India's GDP growth likely languished around its lowest in three years in the quarter that ended in June, offering no respite for Prime Minister Manmohan Singh as he struggles to escape from a series of political scandals that have paralysed his economic agenda.
Weak demand in the West has hit exports, but the heaviest toll on the economy is from overspending and a lack of reforms at home - a point made by both the central bank and ratings agencies Fitch and Standard & Poor's, who threaten to downgrade India's sovereign ratings to junk.
A Reuters poll of 38 economists produced a median forecast of 5.3 percent year-on-year GDP growth for the April-June quarter, unchanged from January-March, which was the slowest growth rate since the same quarter of 2009. The data is due to be released at 6:30 a.m. British time on Friday.
If the forecast is correct it will mean more bad news for the government, which is embroiled in a row with the main opposition Bharatiya Janata Party (BJP) over sweetheart coal deals. The state auditor has questioned the deals, and the BJP has refused to allow parliament to function until Singh quits.

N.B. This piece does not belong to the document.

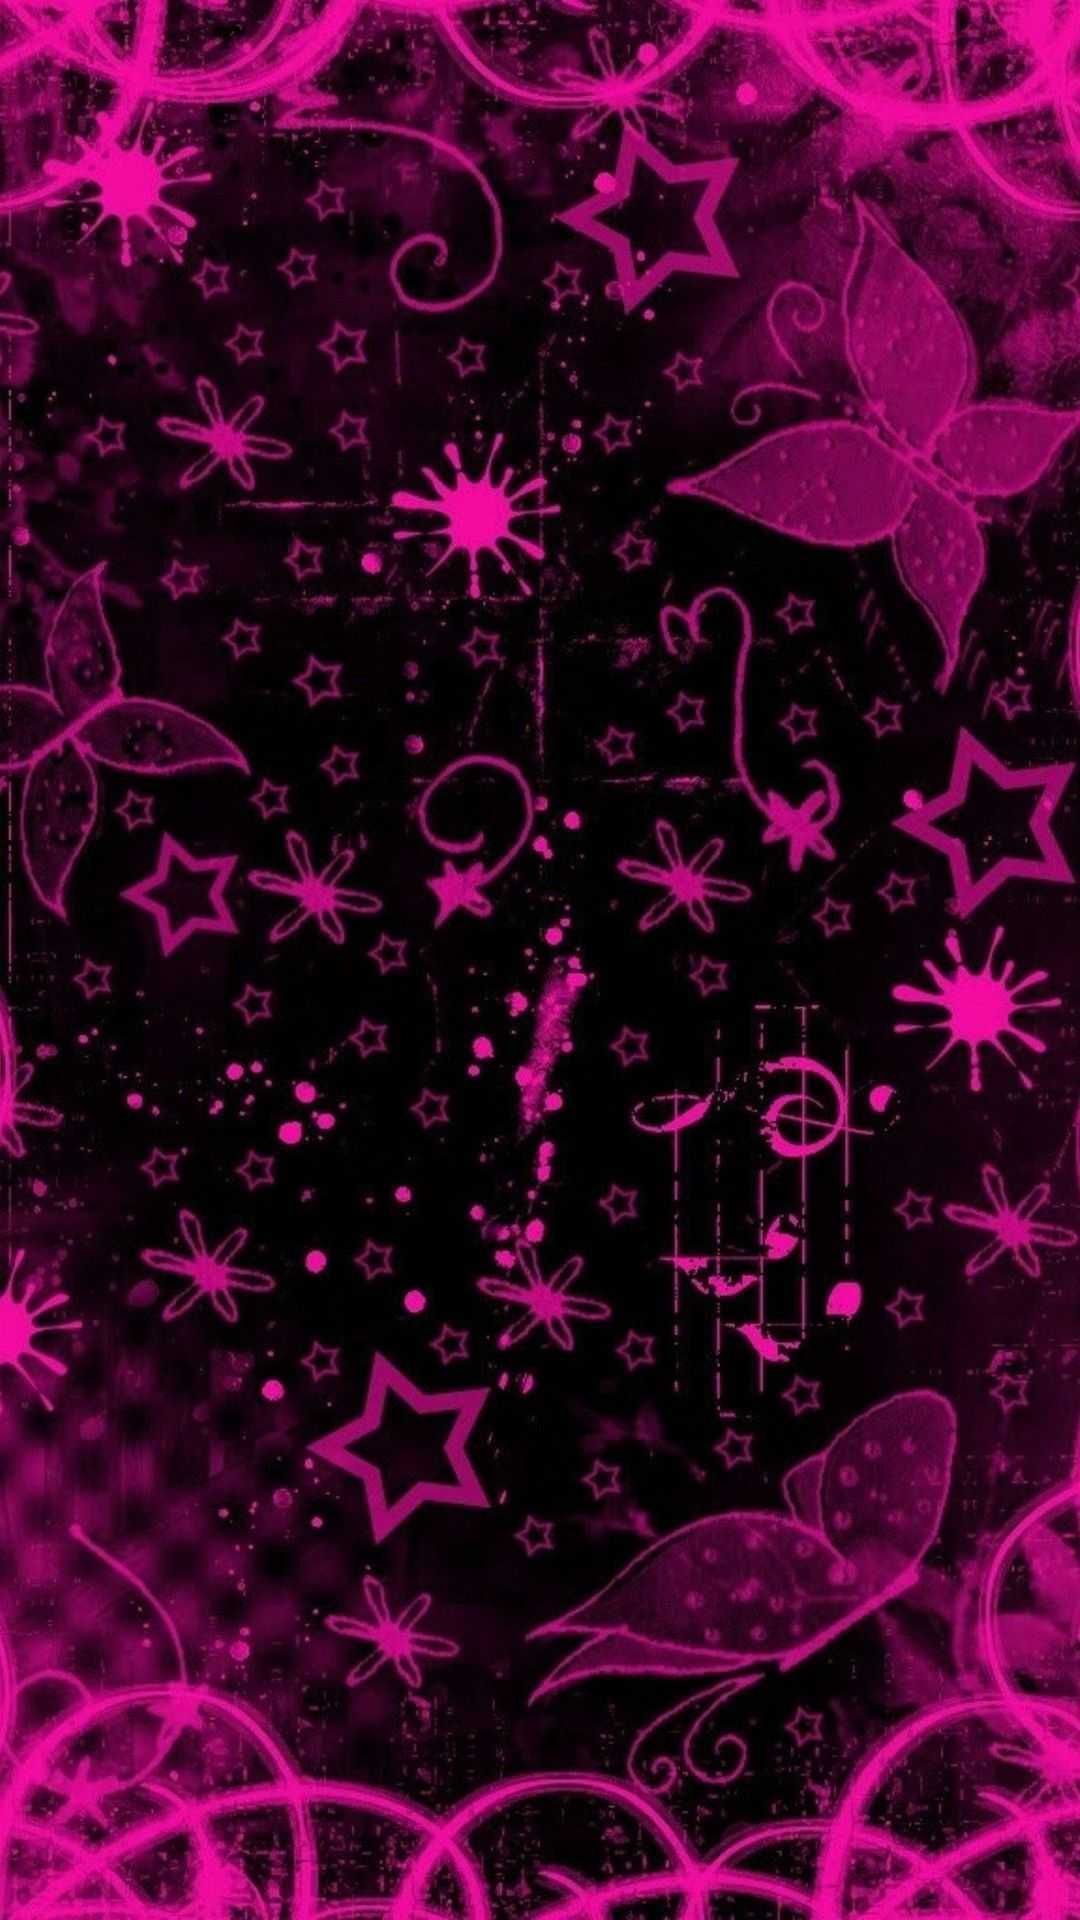 Pink and black background with stars, hearts - Emo

A raft of bills, including a number of important economic reforms, is now bogged down in the legislature. The furore has deepened the sense of dysfunction in Indian politics that has already stalled bold measures to cut government spending on costly fuel subsidies and help bring down high inflation. Poor monsoon rains have added to the economic gloom.
"Below 5 percent growth will be a game changer," said Manish Wadhawan, managing director and head of rates at HSBC in Mumbai.
"For a print below 5 percent you would need to see a deceleration in manufacturing, agriculture and also services, which would be really massive as that will mean the last bastion of growth has also stalled," he added.
Industrial output contracted in June and the country is running a wide current account deficit that has driven the rupee (INR=) to record lows.
With gridlock in both parliament and the government putting big reforms out of reach for now, finance ministry officials are focused on smaller measures, such as speeding up delayed infrastructure projects, to help boost the economy in the second half of the fiscal year, which began in April.
They still foresee annual economic growth of around 6.5 percent for 2012/2013. However, for the quarter ending in June, the ministry expects Friday's data to show the economy grew between 5 percent and 5.5 percent, two ministry officials told Reuters.
One of the officials said Friday's data may not reflect the full impact of the drought in major crop-growing states. The provisional quarterly numbers could be later revised up or down by up to 0.5 percent depending on the actual farm output, final figures on industrial output and trade data, he said.
The Reserve Bank of India (RBI) meets on September 17 to review monetary policy, and bond yields rallied this week on expectations a low growth reading would nudge the bank to reduce interest rates, some of the highest among major economies.
But only last week the RBI said fighting stubbornly high inflation remained the cornerstone of its monetary policy, and said lower interest rates alone would not jumpstart the economy.
The growth rate in the first quarter of India's fiscal year was initially reported as the weakest since the same quarter of 2003. But India's Ministry of Statistics has released a new series of quarterly GDP growth estimates, which include a sharp downward revision of growth for the January-March quarter of 2009 to 3.5 percent from 5.9 percent.
Singh's economic advisory panel this month cut its forecast to 6.7 percent for economic growth in the year to next March, down from a previous forecast of 7.5-8 percent. The RBI predicts growth of 6.5 percent in the same period.